Undernews is the online report of the Progressive Review, edited by Sam Smith, who has covered Washington during all or part of one quarter of America's presidencies and edited alternative journals since 1964. The Review has been on the web since 1995. See main page for full contents

January 21, 2009



Christian Science Monitor - The smallest and most endangered of Detroit's three major carmakers, Chrysler forged a major alliance Tuesday with Fiat, in which Chrysler grants the Italian automaker a 35 percent ownership stake. The partnership promises to help the storied Chrysler brand name survive - something some analysts saw as doubtful without an alliance or merger. The deal will help Chrysler bring more fuel-efficient cars to market, plugging a big gap in its product line. And it will help the most domestic of America's Big Three to become more global. . . The United Auto Workers union voiced support for the deal, echoing the theme of job preservation. . . Fiat, a specialist in small cars, gives Chrysler the chance to piggyback design and production efforts with its new partner and shift its product lineup in an era when consumer preferences and government policies may push carmakers toward fuel-efficient vehicles.

Pro Publica - The TARP hasn't saved the nation's major banks, and the Obama administration doesn't know what to do to save them. That is the unusually sober takeaway in the morning's major papers, following yesterday's sharp decline for banks in the stock markets. . .

Not surprisingly, "fear" and "nationalization" are the words that crop up the most -- as in investors' fear of being wiped out by a government takeover. As the Journal puts it, "The fact that nationalization is considered by some to be possible and is roiling markets reflects the failures of repeated government interventions to stem a widening crisis of confidence in the banking system."

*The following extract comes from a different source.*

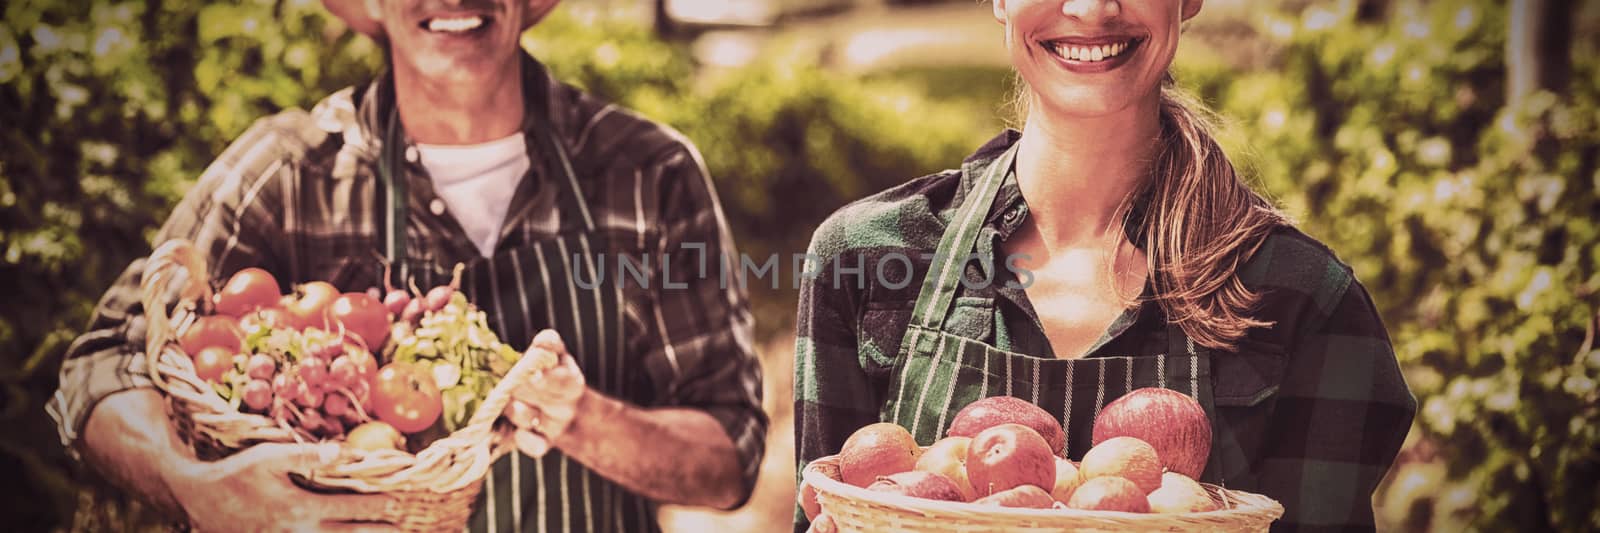 Portrait of happy farmer couple holding baskets of vegetables and fruits by Wavebreakmedia
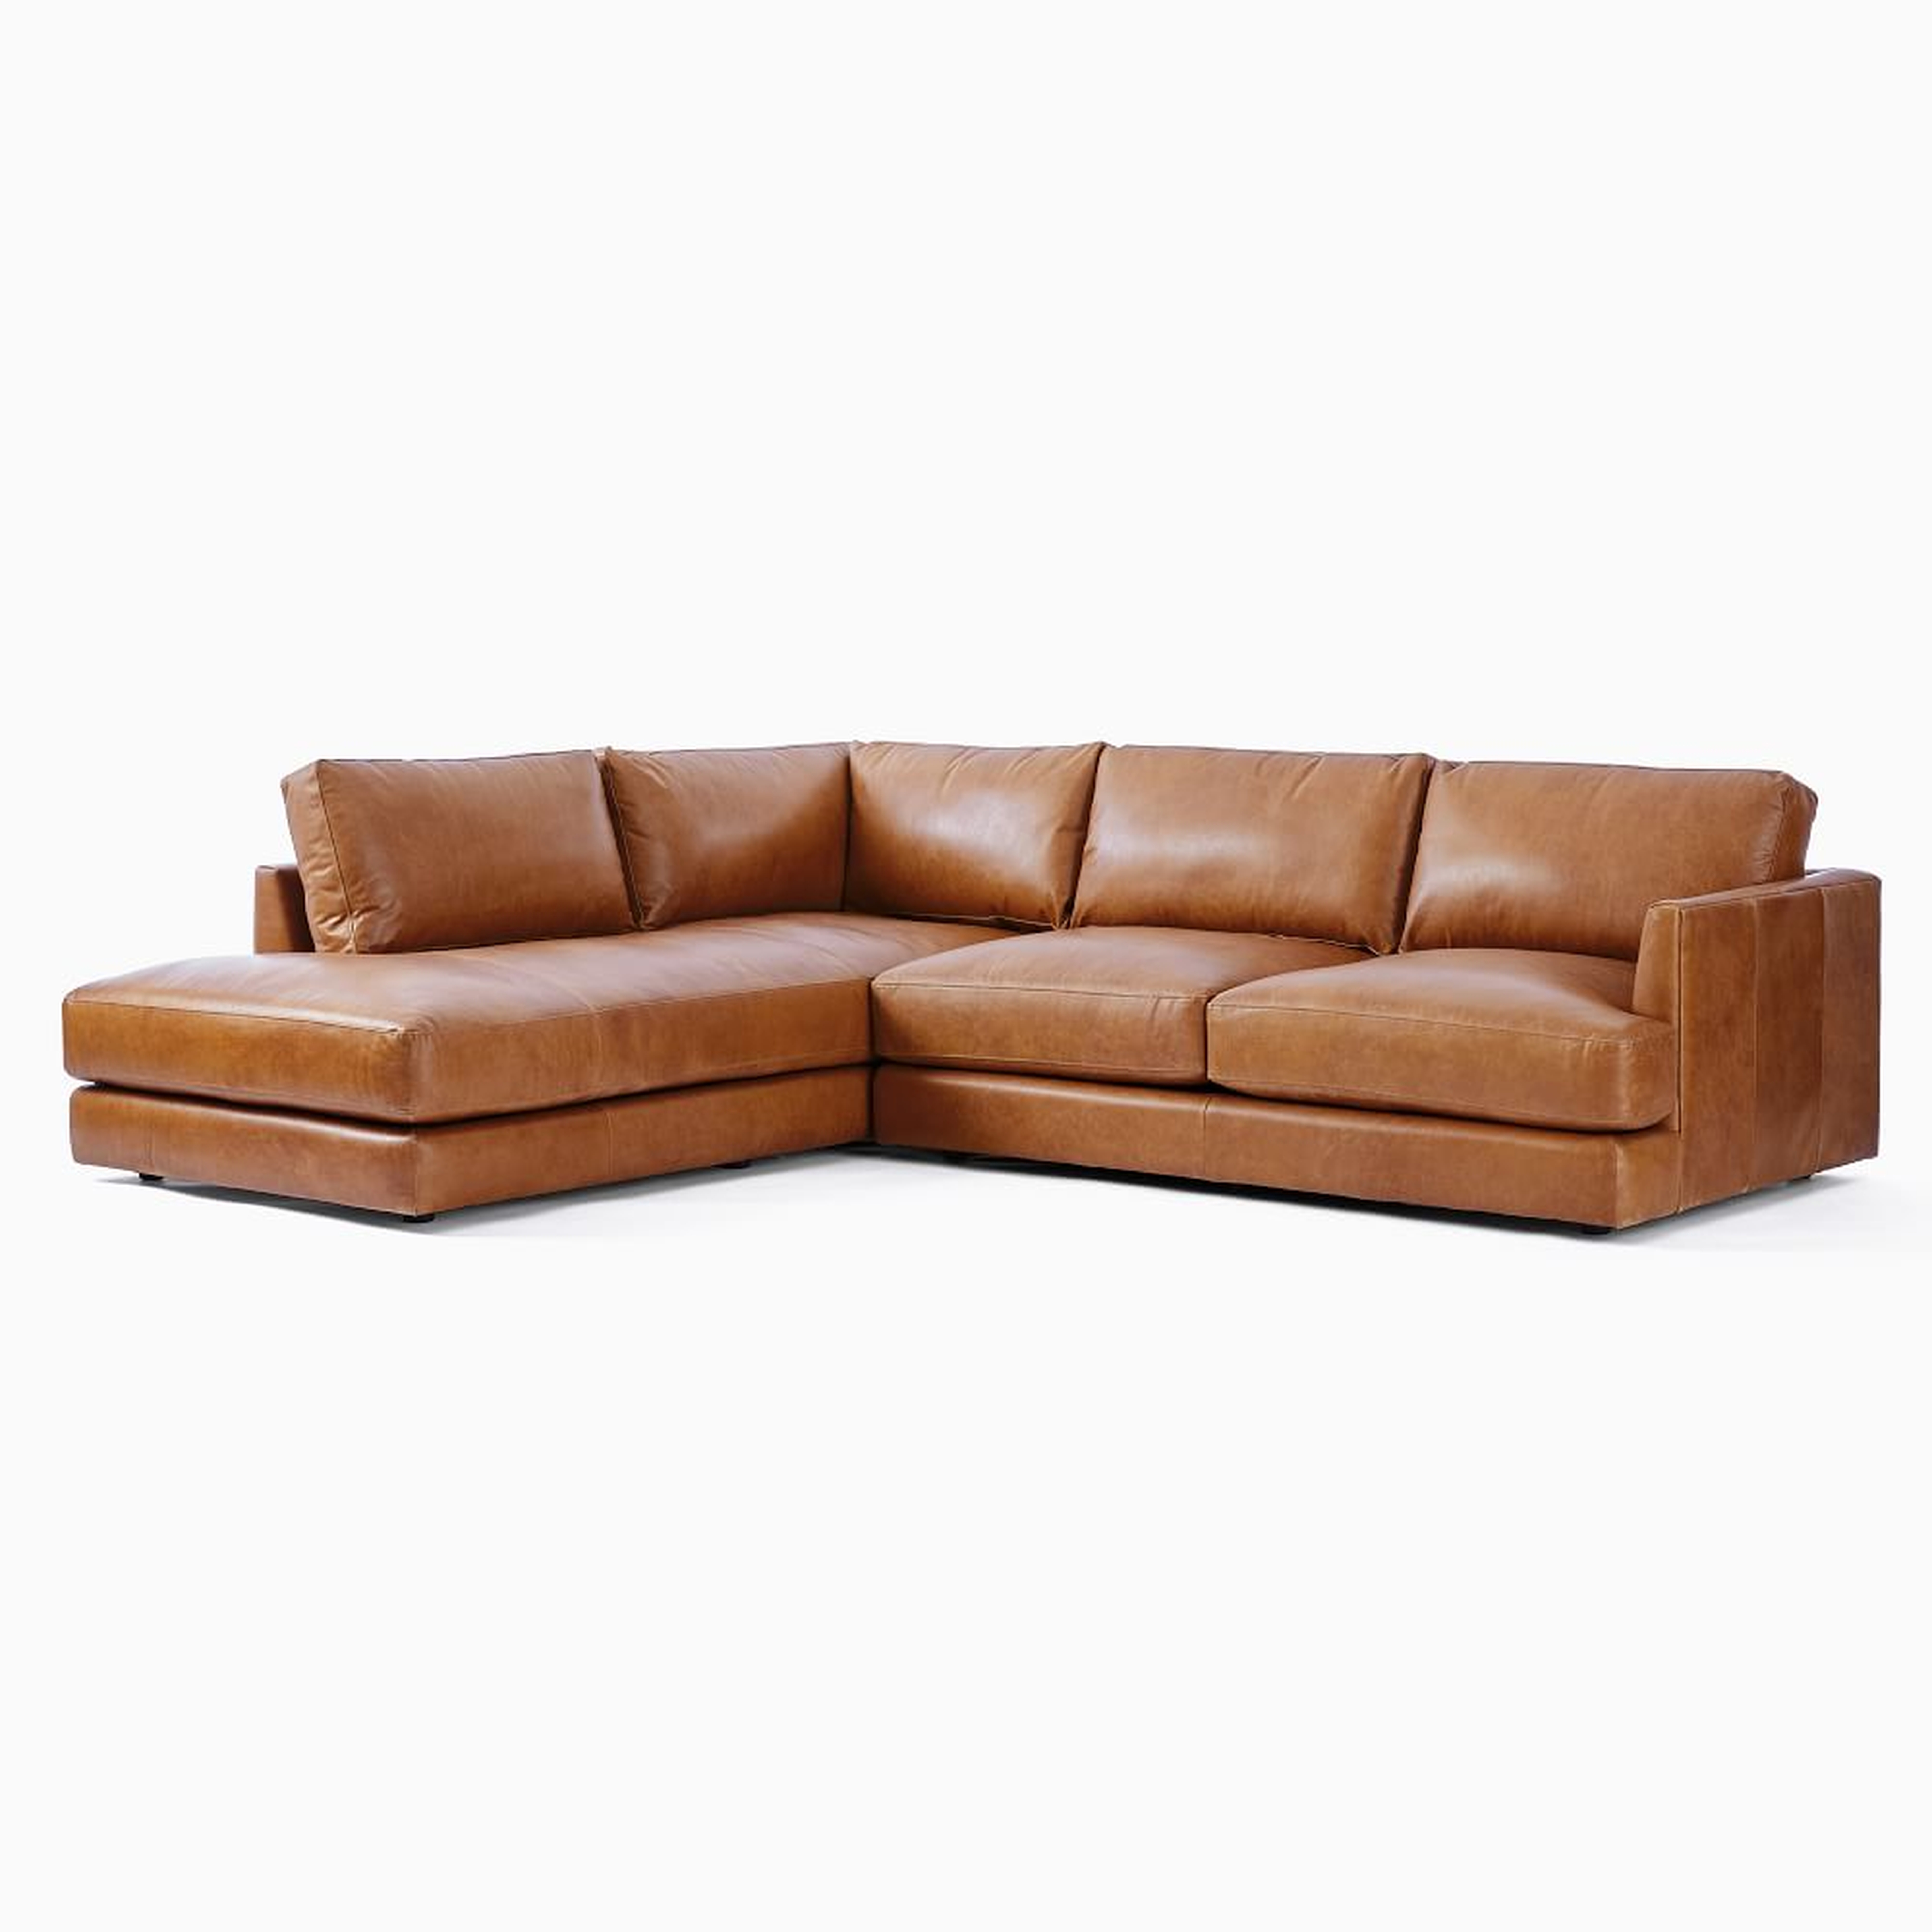 Haven Leather 2-Piece Bumper Chaise Sectional (108"Left 2-Piece Bumper Chaise Sectional) - West Elm

So far, the Treasury Department has spent roughly $230 billion pumping money into the nation's banks (billions more have gone to the auto companies and AIG). But as the Washington Post puts it, that money "did not succeed in stabilizing the industry," and according to unnamed Obama administration officials, it's "increasingly likely" that the remainder of the $700 billion in bailout money won't do the trick either.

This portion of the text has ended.